Abstract

Primates express numerous modifications on the fundamental mammalian ear morphology, and these differences have proven useful for phylogenetic classification at various taxonomic levels. However, the functional consequences related to diversity in primate auditory structure remain speculative and unproven. Although a considerable amount of research on the functional morphology of the ear has been done in other vertebrate groups, primates remain poorly studied. This dissertation sought to help fill this void by exploring the form-to-function relationships of the primate auditory system.

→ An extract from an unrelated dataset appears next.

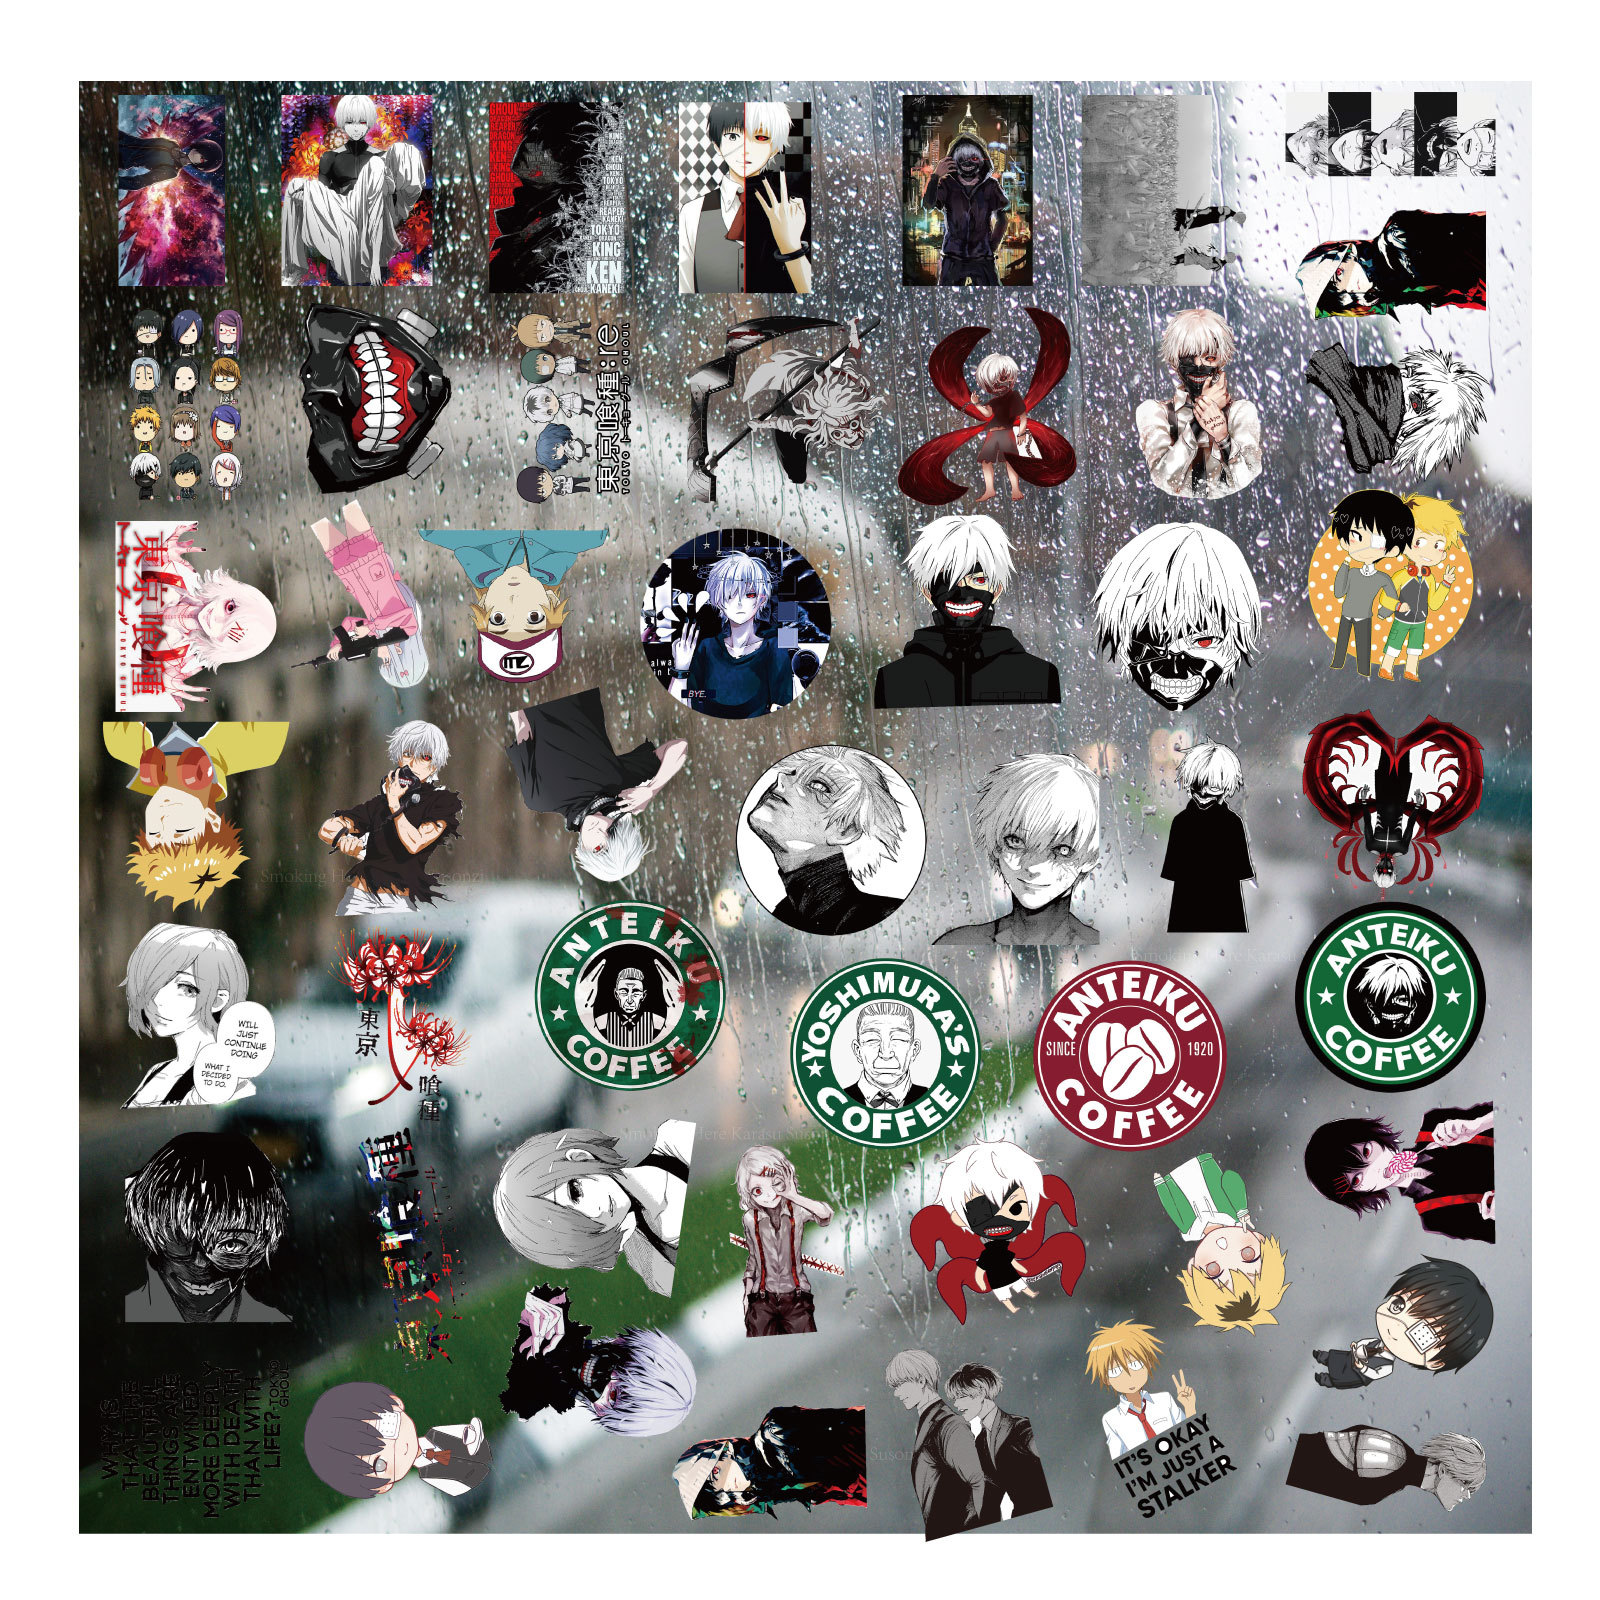 Tokyo Ghoul anime 3D sticker price for a set of 50-52pcs

To address this problem, numerous structures from the outer, middle, and inner ears were measured in a broad sample of primates with known hearing capabilities. The structures investigated included the size and shape of the pinna, the areas of the tympanic membrane and stapedial footplate, the masses and lever arm lengths of the ossicles, the volumes of the middle ear cavities, and the length of the cochlea. In total, over 1400 specimens representing more than 50 genera were assayed. The methods used to obtain these data included traditional morphometric measurement techniques, high-resolution computed-tomography (CT), digital photography, latex casting, and dissections of cadaveric specimens. By identifying specific form-to-function relationships it was possible to test current theories on auditory function, evaluate inter-specific differences in hearing performance, and predict the hearing sensitivity in extinct primate taxa.

The results from these investigations demonstrate that a variety of auditory structures show significant correlations with particular aspects of hearing sensitivity. The majority of these relationships agrees with expectations from acoustic theory but some fundamental theories were not supported. For example, the idea that longer ossicular lever arms result in increased hearing sensitivity was rejected. By applying the functional relationships that are theoretically sound, hearing sensitivity was estimated in four fossil species representing pivotal nodes in primate evolution. These estimations suggest that primates have been steadily reinvading the “low-frequency niche” by progressive modification of various auditory structures. They also show that these adaptations were not present in our closest extinct relatives. The data provided by this dissertation present many opportunities for future research and will help shed light on the adaptive significance of differences in hearing performance.